You may have to sacrifice cardboard Lori to get out of this mess.
Lisa who was sitting by the kitchen table had a sad look on her face and looked at Jeff. “Dad, where is mommy?” She asked him. Jeff didn’t know what he would say, he hadn’t any contact with his ex-wife since the outbreak started, and Jeff feared the worst for her.
Why? He should be hoping the bitch got eaten. No more alimony!
“I don’t know sweet pea, but she is probably at her house, and she can’t come here for some reason, but don’t worry I’m sure she’s fine.” Jeff had lied about the last part, he had heard on the radio that things were really bad in downtown Boston, some said that it was even worse there then outside the city. But Lisa didn’t know that, she jsut nodded her head and became a little bit calmer.
Hadn’t everyone in the city fled, even though Jeff magically teleported back? I find it highly unlikely that in the middle of this chaos there’d be a dude sitting at the radio station broadcasting the news instead of getting his ass out of town.
A few days later Jeff had decided that he and Lisa would take his car that stood in the garage and was still in good function and take it too drive out from the city. Lisa became sad and angry that they didn’t look for her mother in the city, but Jeff had lied too her again and told her that they had to find a safe place first then they could look for her in the city.
The car stood in the garage? A tall-legged car would probably be useful here, especially one that’s “still in good function” after two weeks. Cars do tend to break down if not driven every four hours, as any leggy-car aficionado will tell you.
But Jeff knew that if his wife still hadn’t come and look for her family, she was most likely dead, or worse: one of the walkers…
Did they get remarried when I wasn’t looking? I thought it was his ex-wife. That logic is also pretty faulty. He didn’t go looking for his “wife,” so does that automatically mean he’s dead? And does it make me a bad person if I hope he is?
As a whole I found this chapter to be rather boring. Not a lot happened, and what did happen wasn’t very compelling. The author does admit in an author’s note that he’s aware some people may not have liked this chapter much because it was backstory and exposition, but to be honest I see that as a bit of a copout, and also the confirmation to one of the biggest no-no’s in fiction writing: don’t open with a fuckload of exposition. It’s a no-no for a reason; it’s so fucking boring.

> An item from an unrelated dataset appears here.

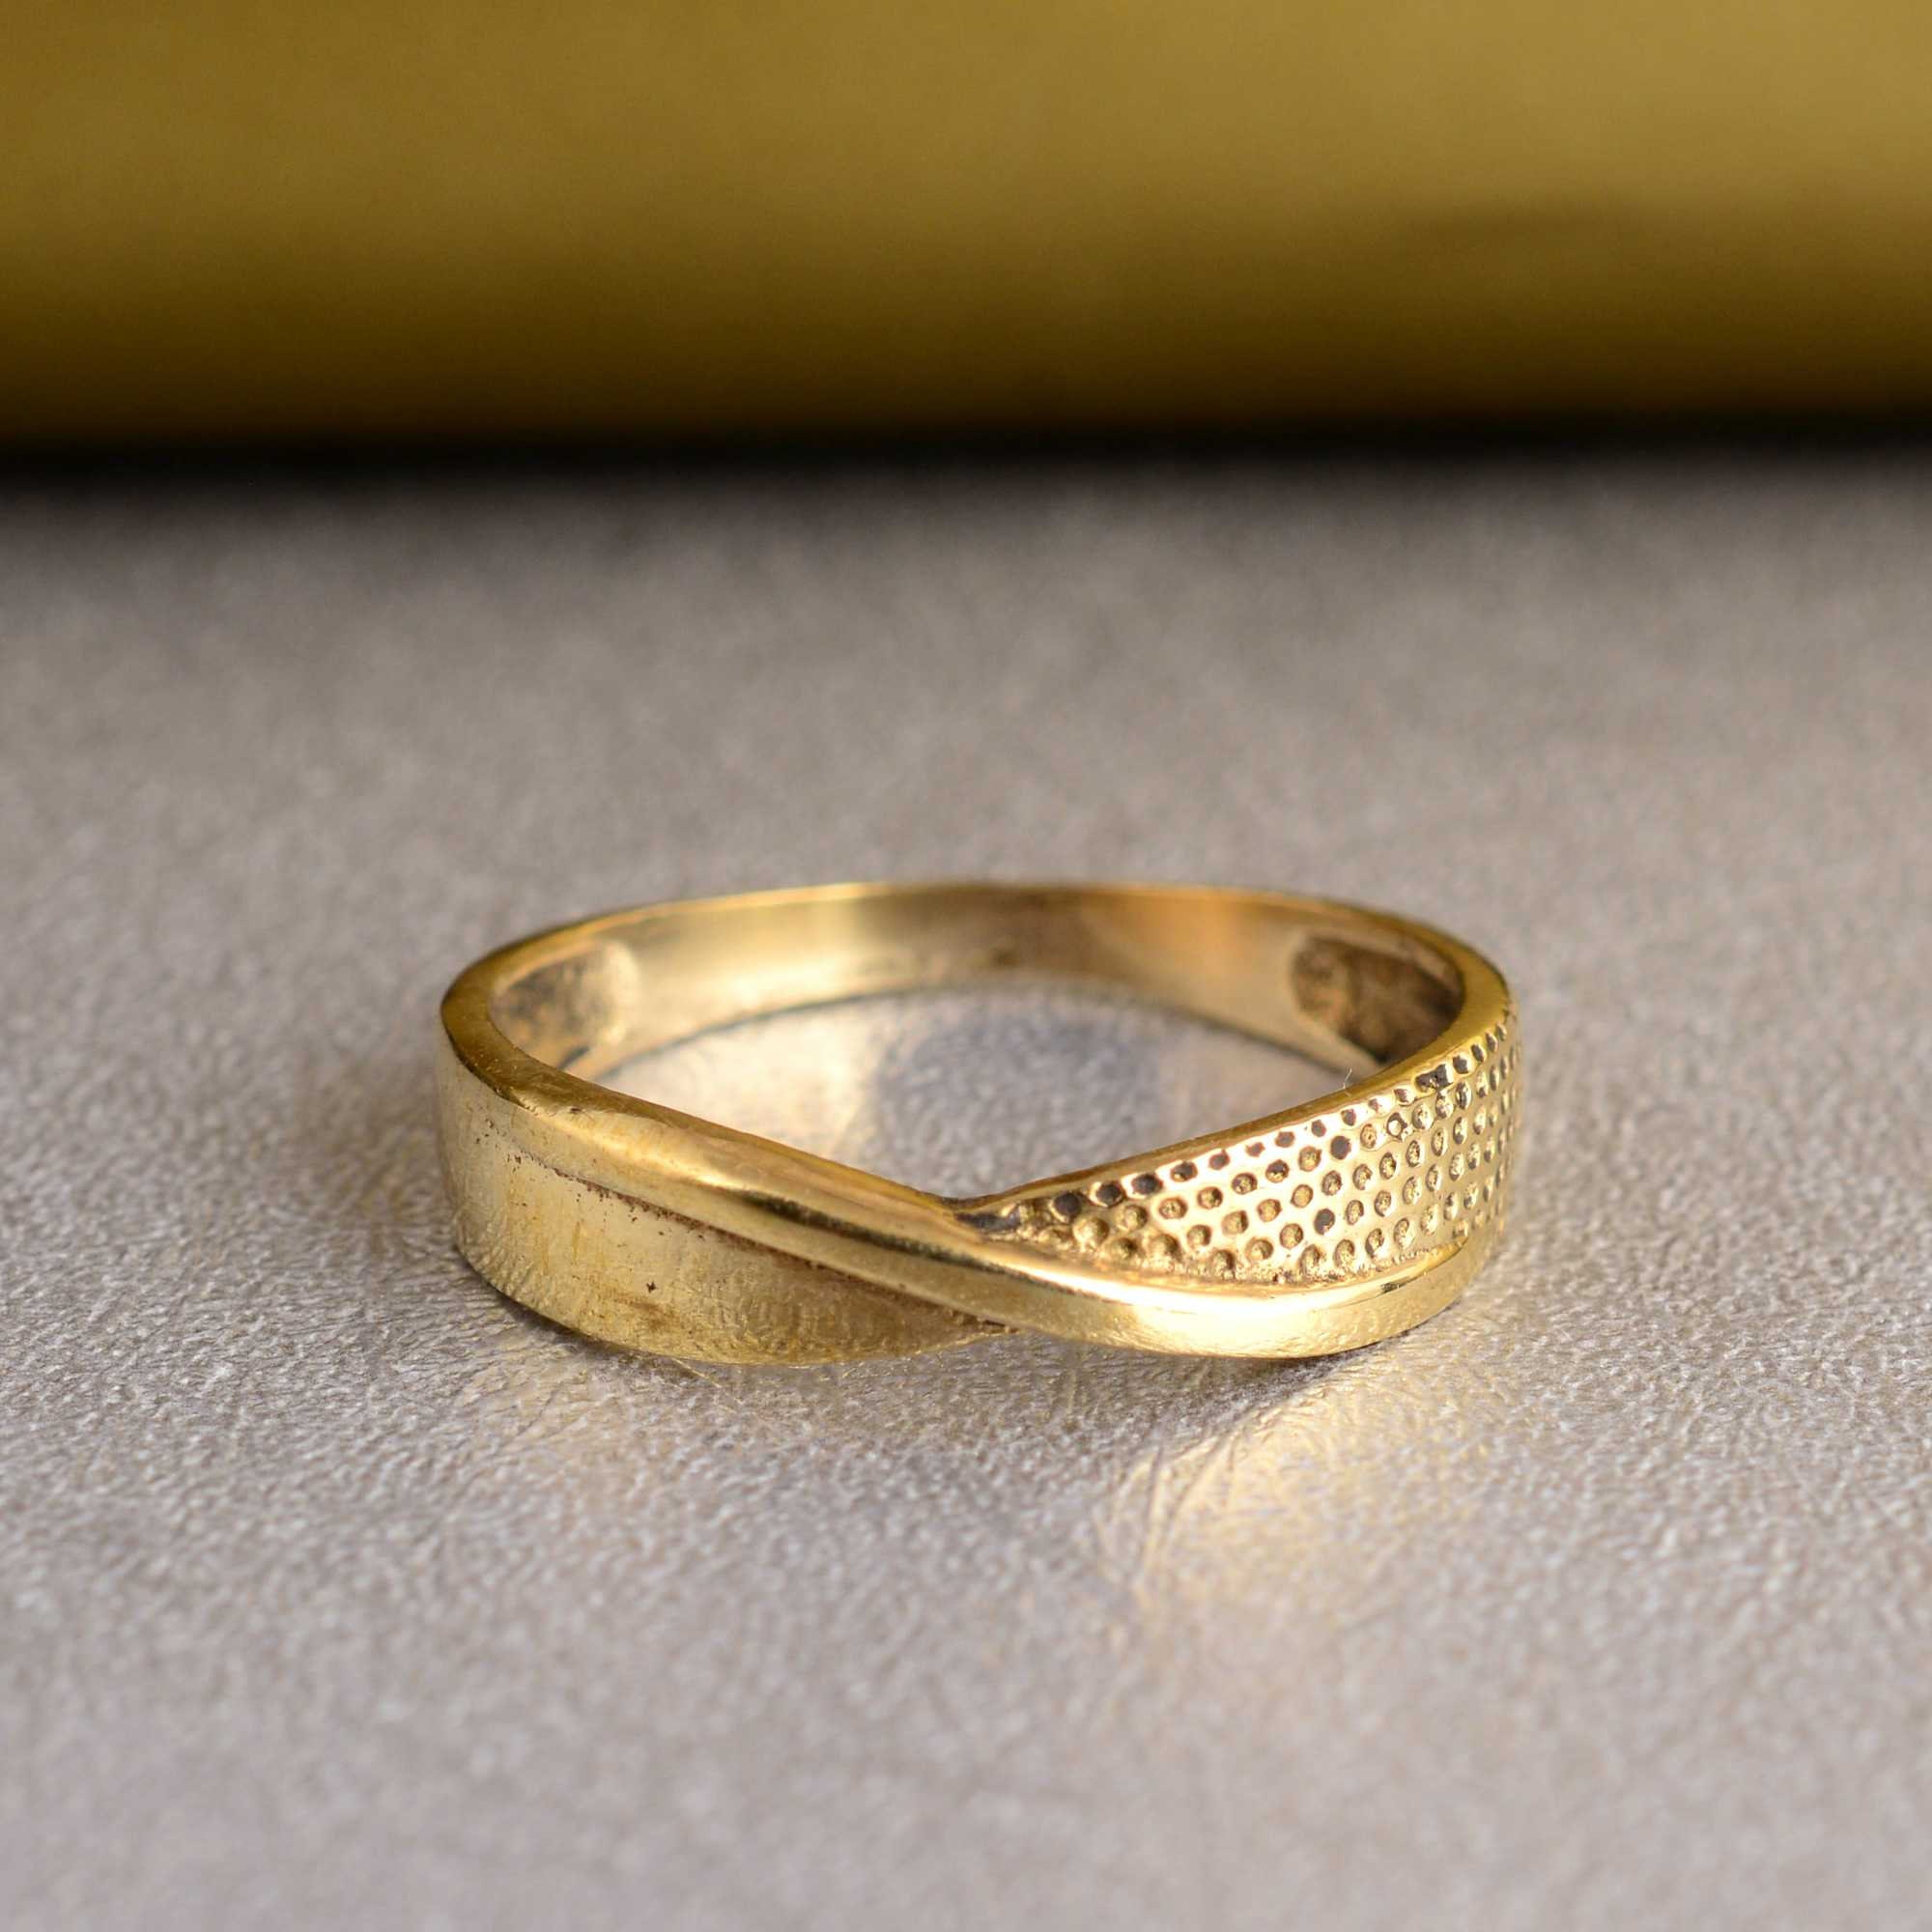 James Avery 14K Gold Petite Infinity Ring | Dillard's

My complaints about the various contrivances aside, I do appreciate that a complex and flawed character was actually attempted here. So much of the fanfiction that I read contains nothing but absolutely perfect characters whose absolute perfection is challenged by the jealous and one-dimensional people they surround themselves with, and it’s refreshing to see someone at least try to give a character depth, regardless of whether or not they failed.

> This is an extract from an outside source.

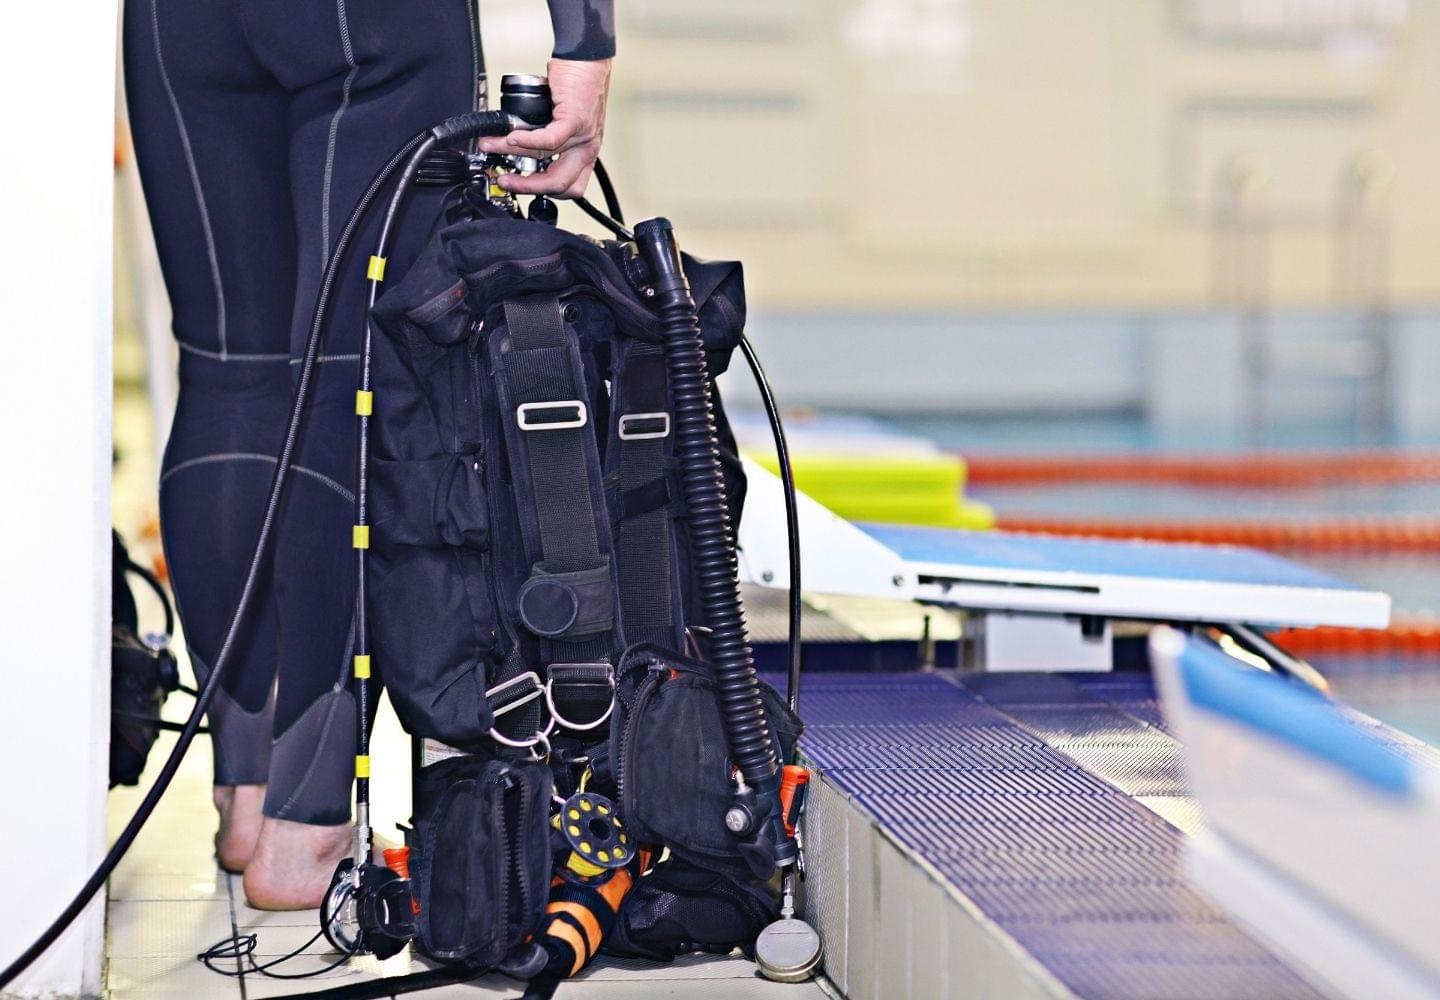 scuba dive gear near pool

I suspect this is written by someone who speaks English as a second language, which would explain a lot of the issues with it. But all in all, I’d say he’s got an eye for detail, which I can’t say for most of the authors I read. If I were to make a suggestion, it would probably be to work on his pacing and learn to prioritize certain plot areas a little better. Glazing over the outbreak, the most important event in the opening chapter, was a huge mistake. There’s only so much that can be said about a damn cut finger, and this author exhausted that topic, that’s for damn sure. I wouldn’t be surprised if there’s nothing new to say about non-serious finger injuries for decades to come.